I don't understand the author's reasoning for preferring mean shift over k-means due to k-means needing the number of clusters as an input. It seems that in mean shift, choosing the kernel bandwidth parameter is just as arbitrary in that it requires domain knowledge. In k-means there are tests[0] for choosing an appropriate k. Is there a similar strategy in mean shift for choosing an appropriate kernel bandwidth parameter?

[0] http://en.wikipedia.org/wiki/Determining_the_number_of_clust...

mattnedrich · on May 26, 2015

While choosing a kernel bandwidth may be arbitrary for certain situations, it does have some nice properties. The bandwidth informally defines how "close" points need to be to be considered similar, which can work well for certain problem domains where this can be easily determined.

Like most clustering problems, if you can't choose a reasonable set of parameter values based on some domain specific information, it is largely trial and error. Of course, there are several metrics that can be used to score certain clusterings (e.g., parameter values) over others, as described in your wikipedia link.

The other nice advantage that mean shift has over k-means is that it does not make any assumptions about the cluster shape. K-means assumes spherical clusters. Mean shift allows for clusters of any shape, since it is driven by density.

sytelus · on May 27, 2015

You can tune any free parameters by defining a loss function. For example, you loss function can panelize two close points to be separated in two clusters and vice versa. Once you define loss function, it's just matter of finding optimal value - although at extra cost.
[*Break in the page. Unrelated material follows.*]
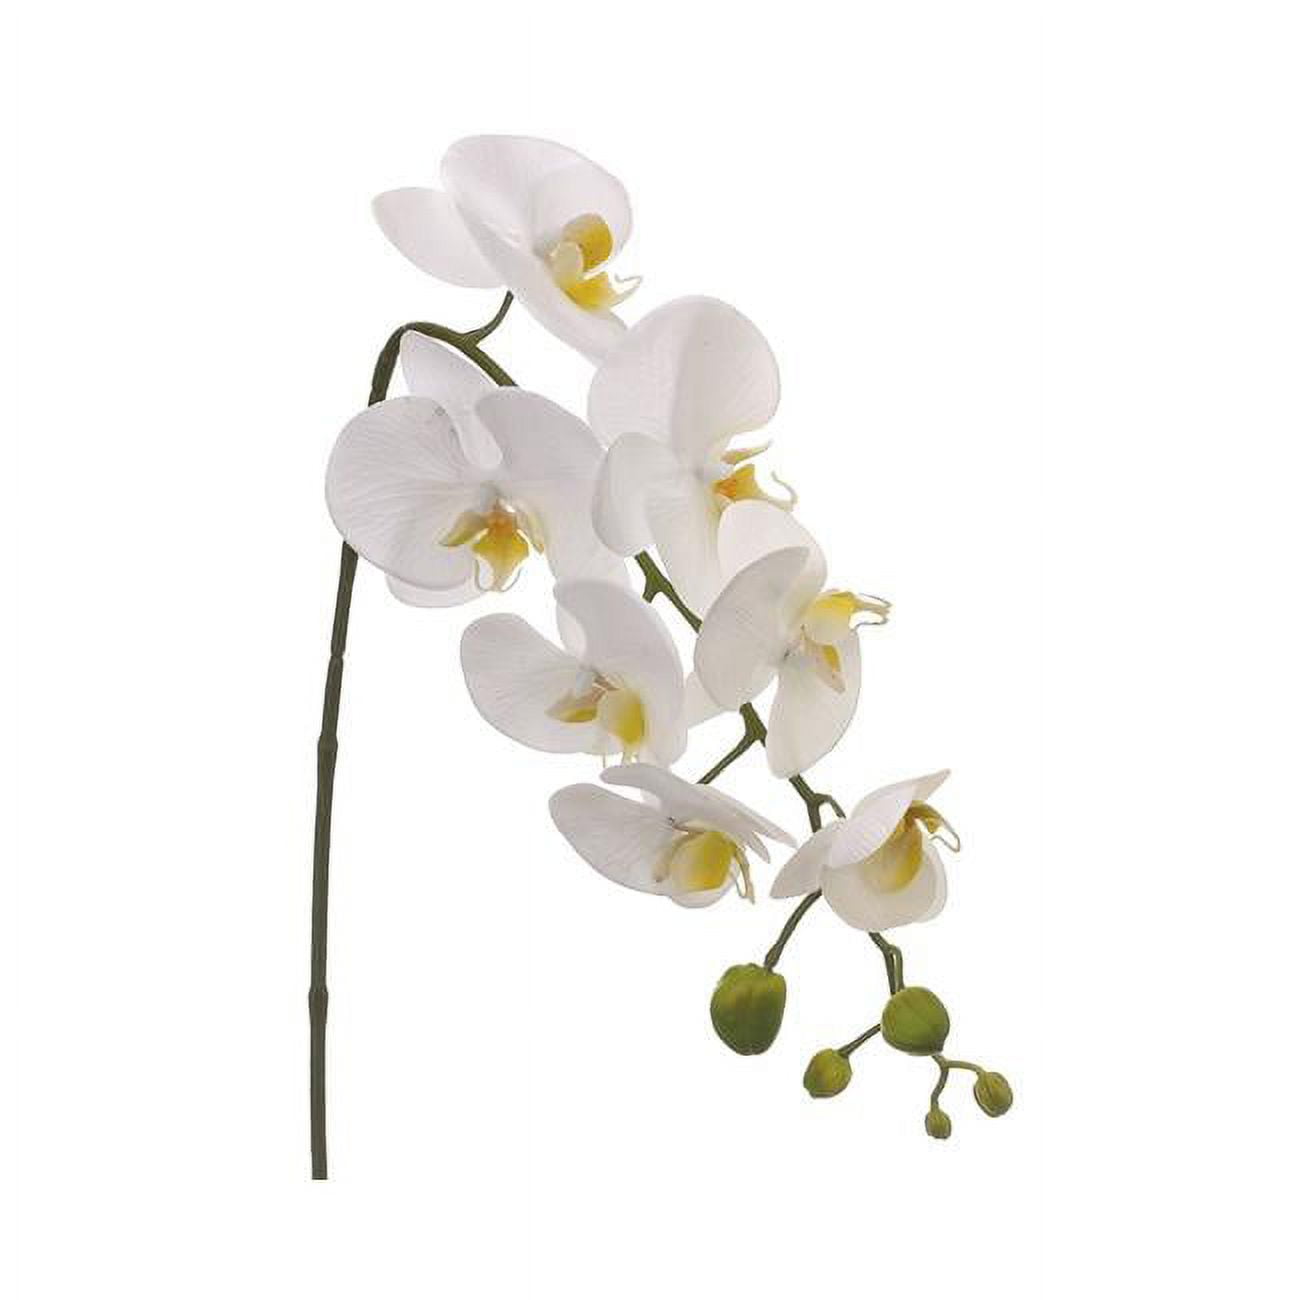 Picture of Allstate Floral & Craft FSO723-WH 28.5 in. Phalaenopsis Orchid Flower Spray - White

One recently invested method of clustering called QuickCluster doesn't require any parameters and inherently operates on loss function. It's pretty fast in practice: http://www.cs.yale.edu/homes/el327/papers/CorrelationCluster...

yaroslavvb · on May 27, 2015

With mean-shift you can get non-convex clusters

nicolewhite · on May 27, 2015

Right. I understand those advantages. I was curious about the comparison of input parameters specifically.